We talked and smoked and the sky cleared, giving way to bright sun. The third time the guard shooed us away Chochó lit a smoke and offered it to him. Chochó was like that, friendly in his way, though he didn’t look it. I knew him well enough to know silence made him nervous. “Come on, friend,” Chochó said. “We’re good kids.”
The guard frowned. He checked the cigarette over suspiciously and then took a deep drag. He looked around to make sure no one had seen him.
Chochó cupped a hand over his eyes. “Our boy is in there visiting his older brother,” he said.
The guard nodded. His uniform looked like it could have been his father’s: a drab, faded green, too big in the shoulders. “Terruco?” he asked.
“No,” we said together.
“Those people don’t deserve to live.”
We nodded in agreement. It’s what Lucas had always told us.
“We’ve got them by the balls,” the guard said matter-of-factly.
“Really?” Chochó asked.
“Lucas was in the army,” I offered. “Like you.”
“And he’s in there on some bullshit.”
The guard shrugged. “What can you do?”
We were quiet for a moment, then Chochó coughed. “That gun works?” he asked, pointing at the guard’s sidearm.

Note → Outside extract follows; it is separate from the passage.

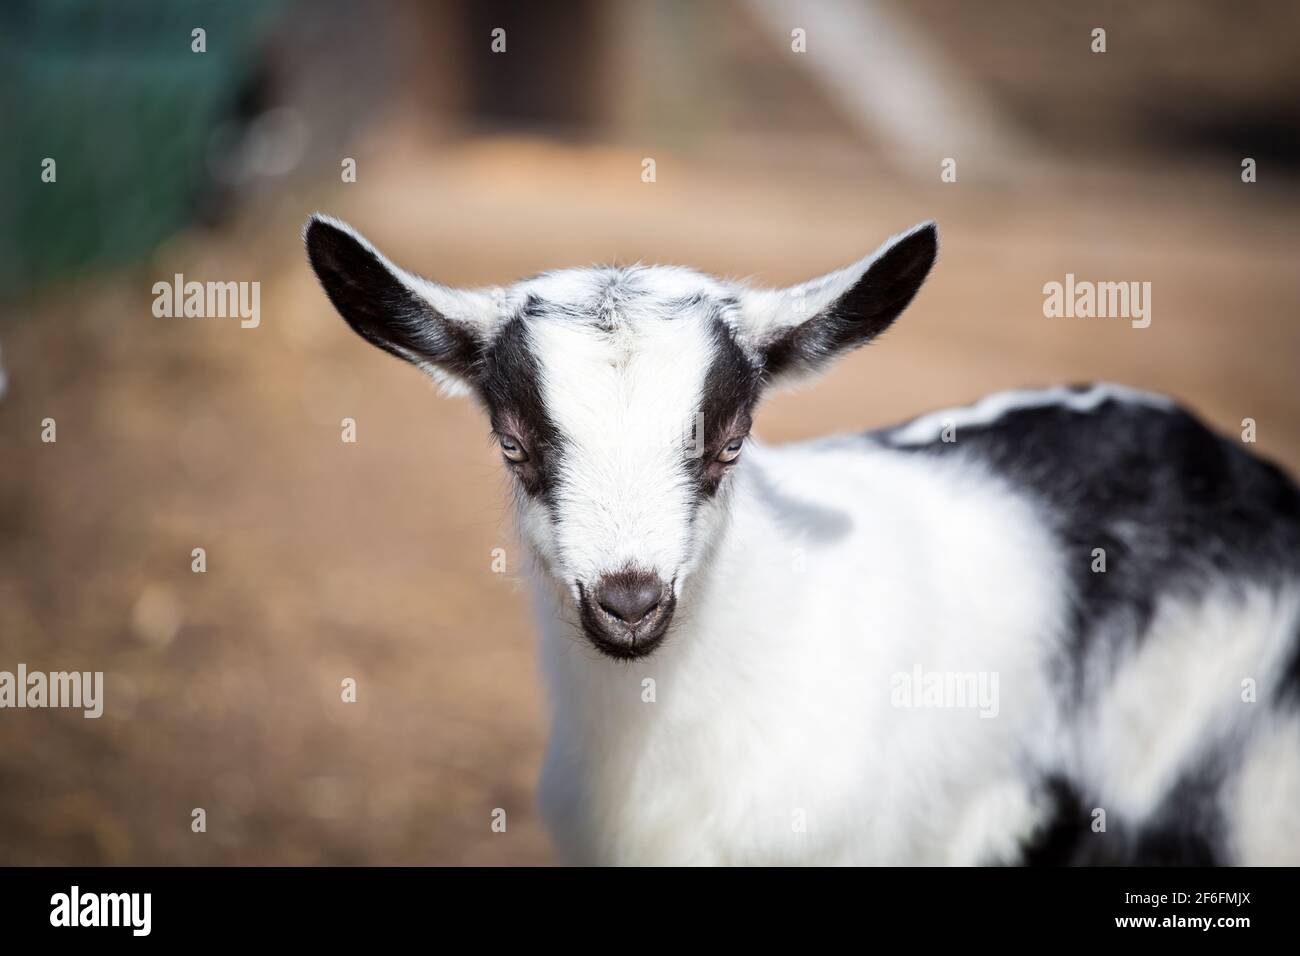 Chèvre gamin de la race 'Pfauenziege' (chèvre de paon), espèce de chèvre autrichienne menacée Banque D'Images

“Yeah,” he muttered, blushing. It was clear he’d never used it.
“Tell a joke, Chochó,” I said, so the guard wouldn’t be embarrassed.
Chochó smiled, closed his eyes for a second. “Okay,” he said, “but it’s an old one.” He looked back and forth between us. “Listen: two soldiers downtown. Almost midnight, a few minutes before curfew and they see a man hurrying home. The first soldier checks his watch. ‘He’s got five minutes’, he says. The second soldier raises his gun and shoots the man dead.”